As the dispute over reservations hits the front pages, is there a case for reservations or do the facts suggests otherwise? This week, a series of articles on the front page of the Business Standard have thrown a spanner into the reservations debate. So far, it has been assume that SCs, STs and OBCs have not got their fair share in employment and there are good reasons for reservations.
But do the facts support this or is reality different to what we actually think? That is what the Business Standard article seems to suggest. But just how accurate are they? Author of the article Surjit Bhalla is an economist and to argue against him is Praful Bidwai, a columnist. Here's how their conversation went…
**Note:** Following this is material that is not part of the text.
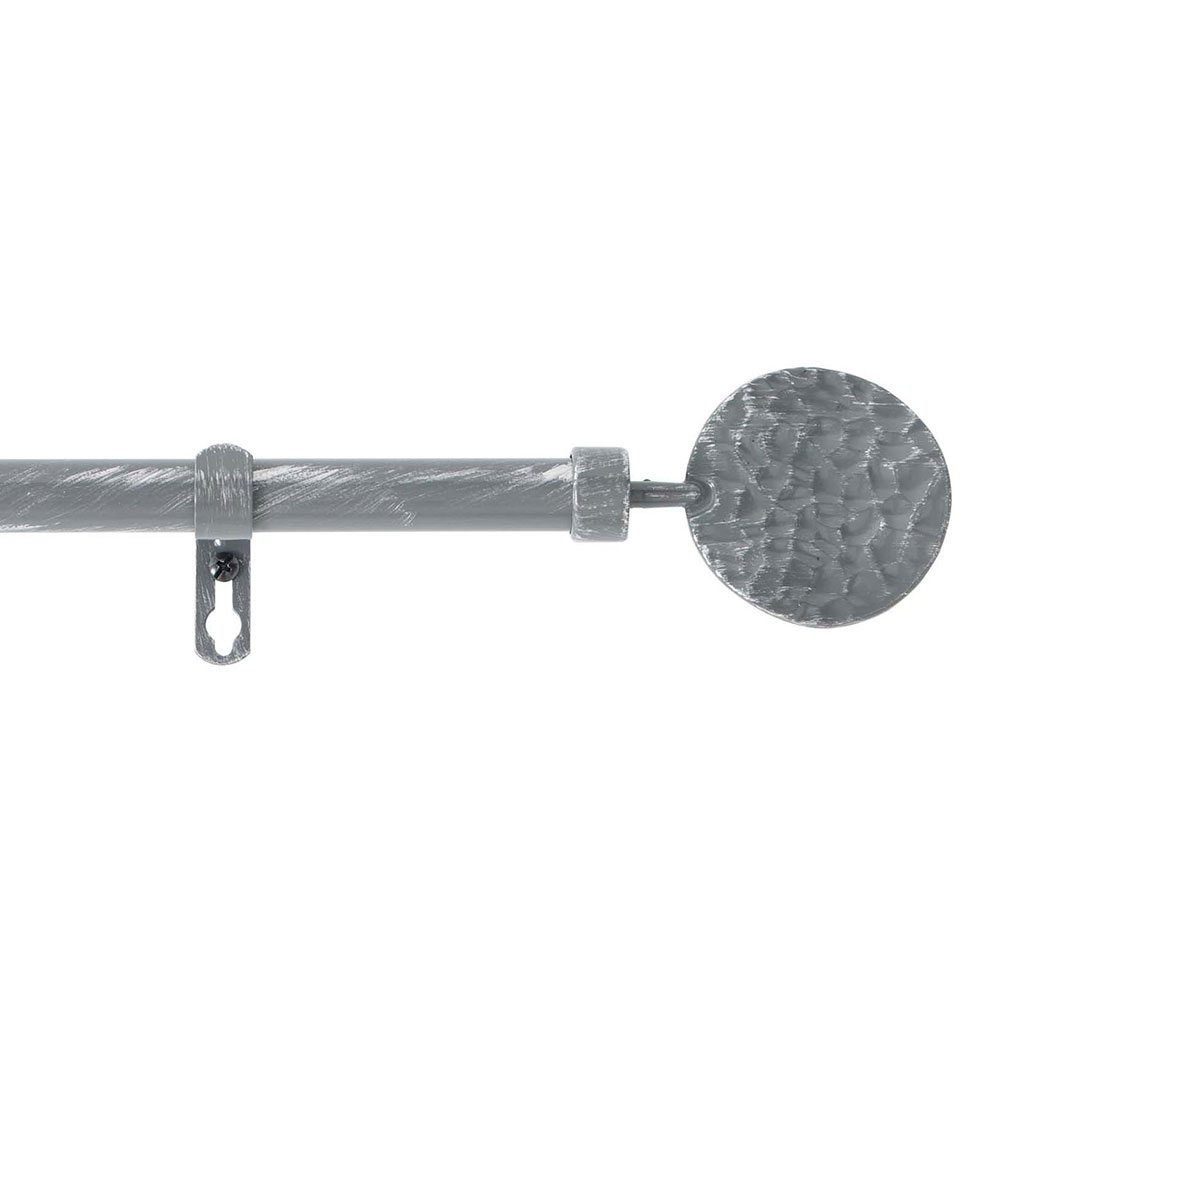 Kit de tringle déco avec embouts ronds martelés (Gris)

Excerpts from an interview given to CNBC-TV18
A columnist, Praful Bidwai:
Q: On what grounds do you believe that reservation in the industry for the weaker section is justified?
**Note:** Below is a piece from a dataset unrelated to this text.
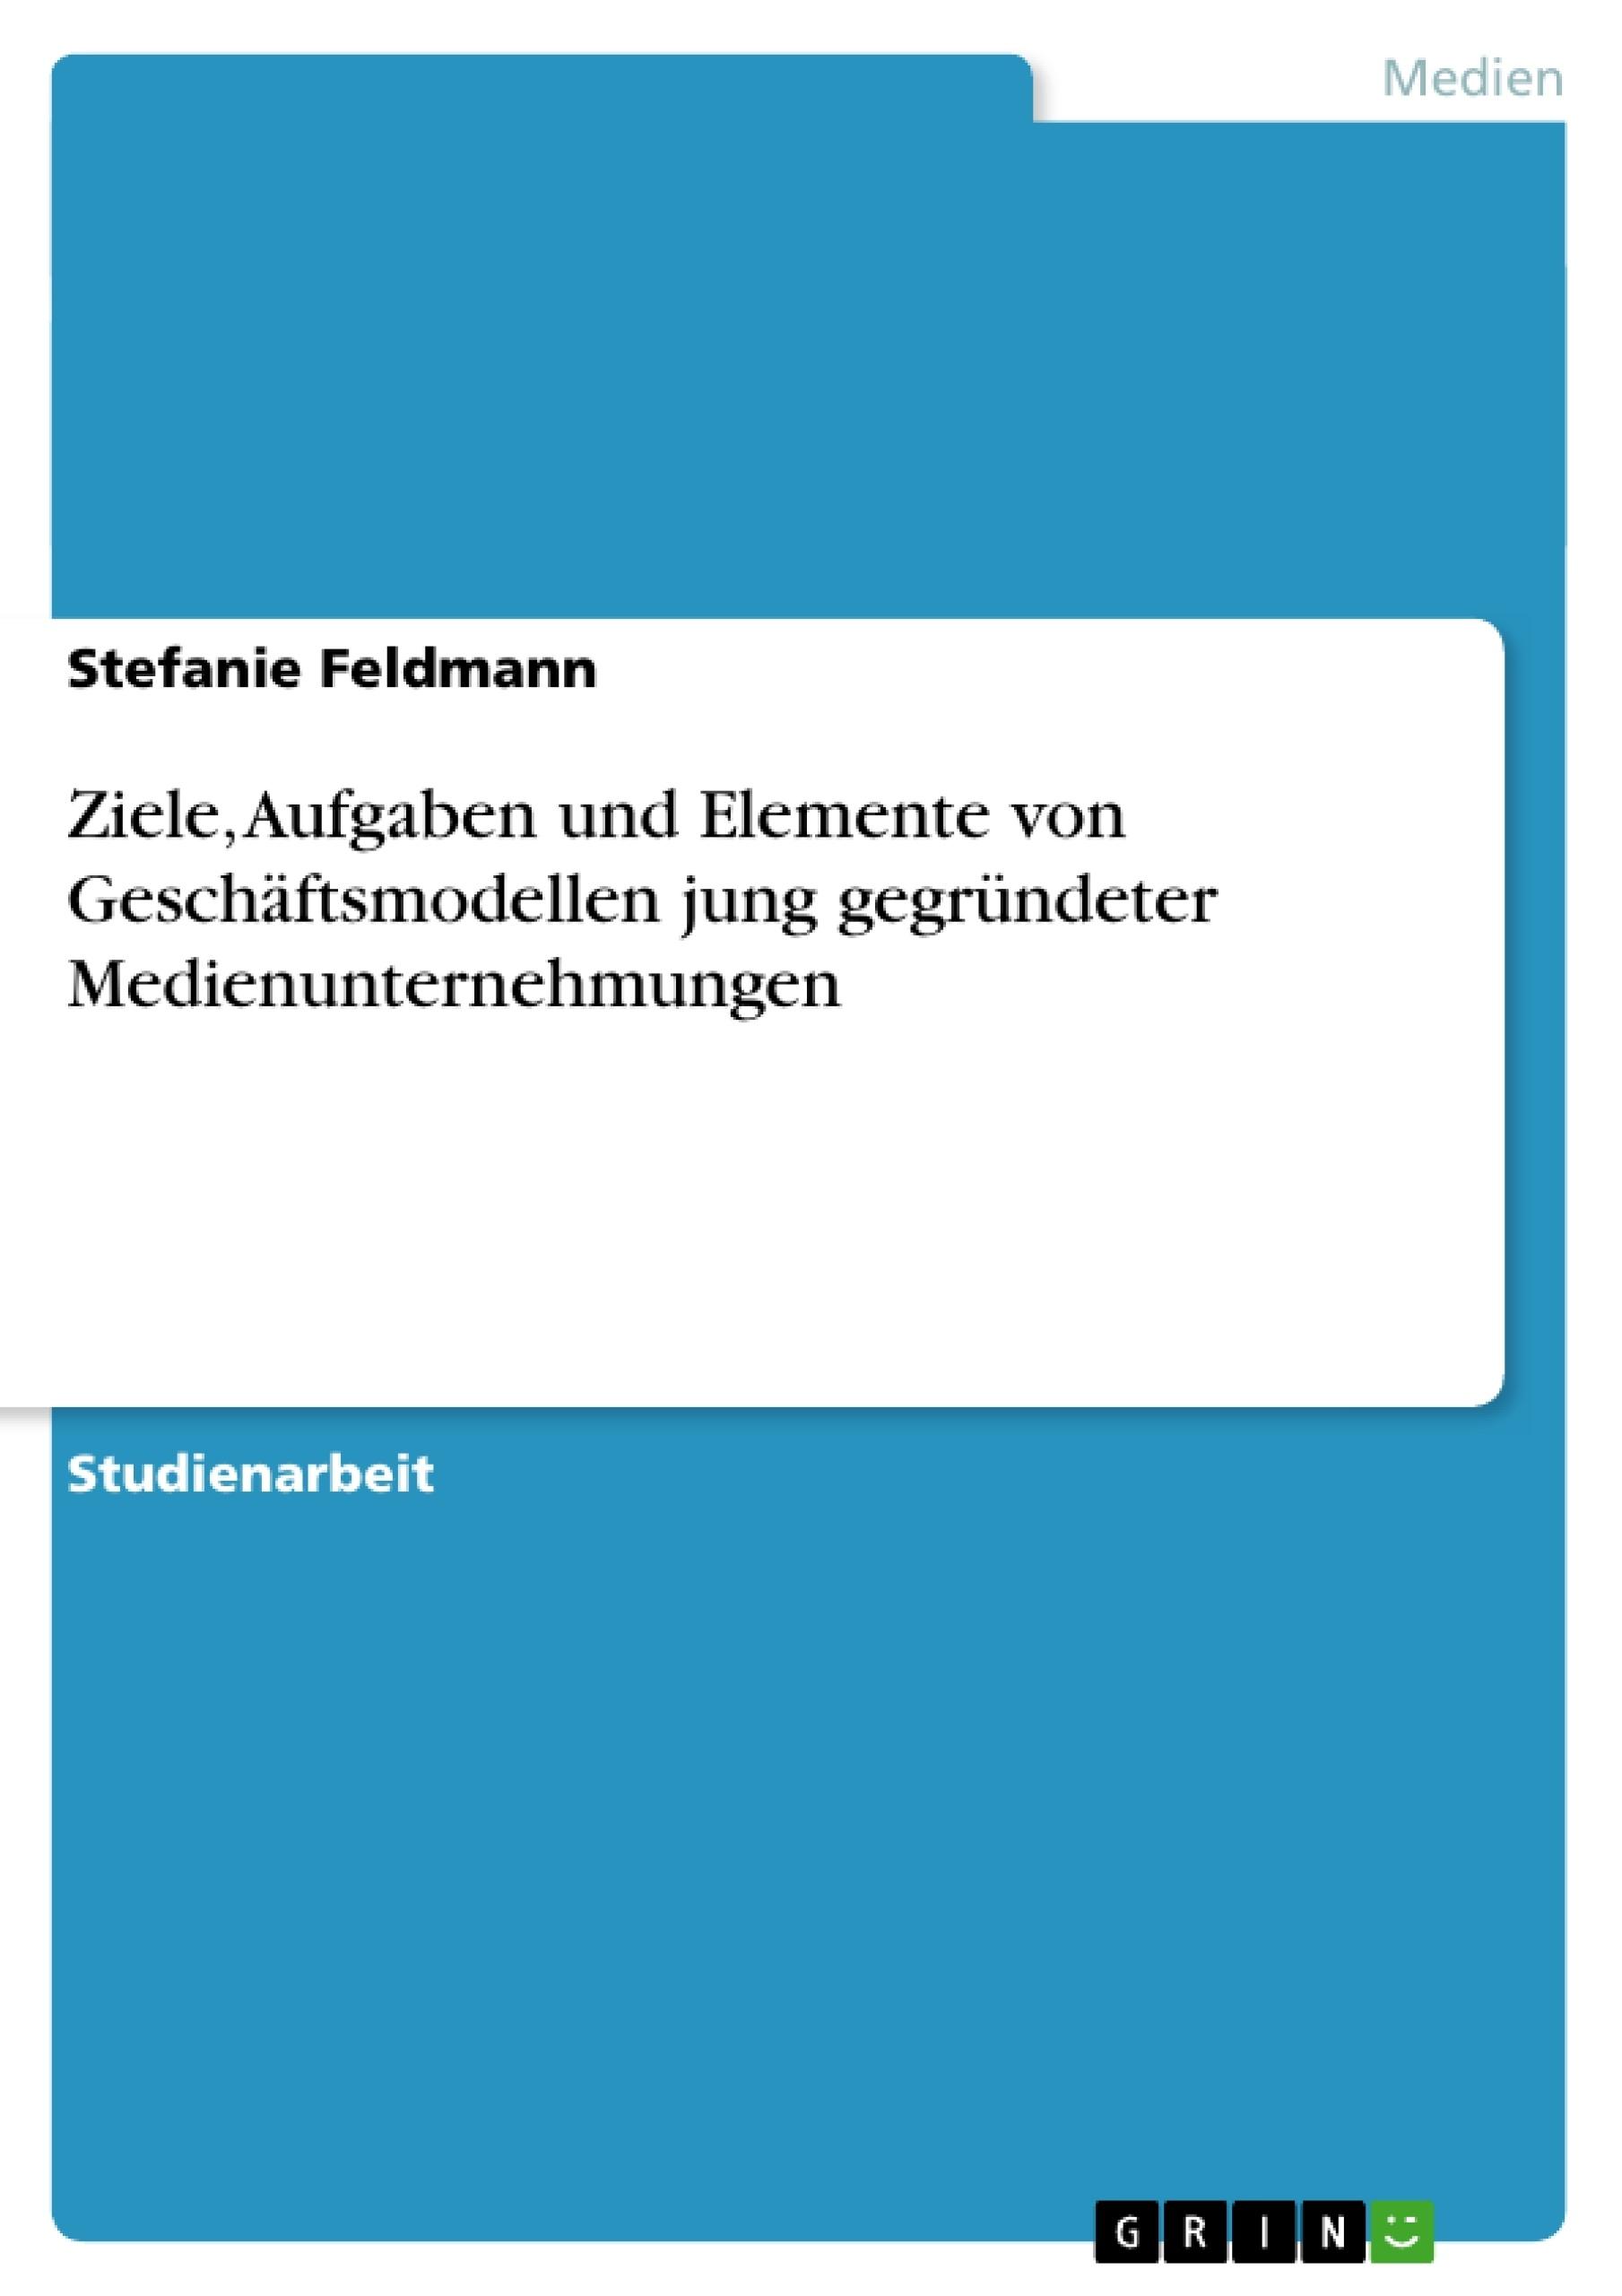 Titel: Ziele, Aufgaben und Elemente von Geschäftsmodellen jung gegründeter Medienunternehmungen

A: We live in a completely, terribly hierarchal society where there is a huge amount of fast discrimination that a lot of people face, unless they get true equalative opportunity through affirmative action. They will not have access to jobs, they will not be able to compete, they will not be able to develop their human potential nor will industry be able to tap their talent. That is why we need affirmative action.
Q: By affirmative action do you mean reservations?
A: Reservations are one form of action but they are also a very effective form. I think that the SC, ST reservation experience validates the propositions that I just made. In this society, you need strong affirmative action.
Q: Would you restrict reservations to SC, STs in industry or would you extend it to cover the OBCs as well?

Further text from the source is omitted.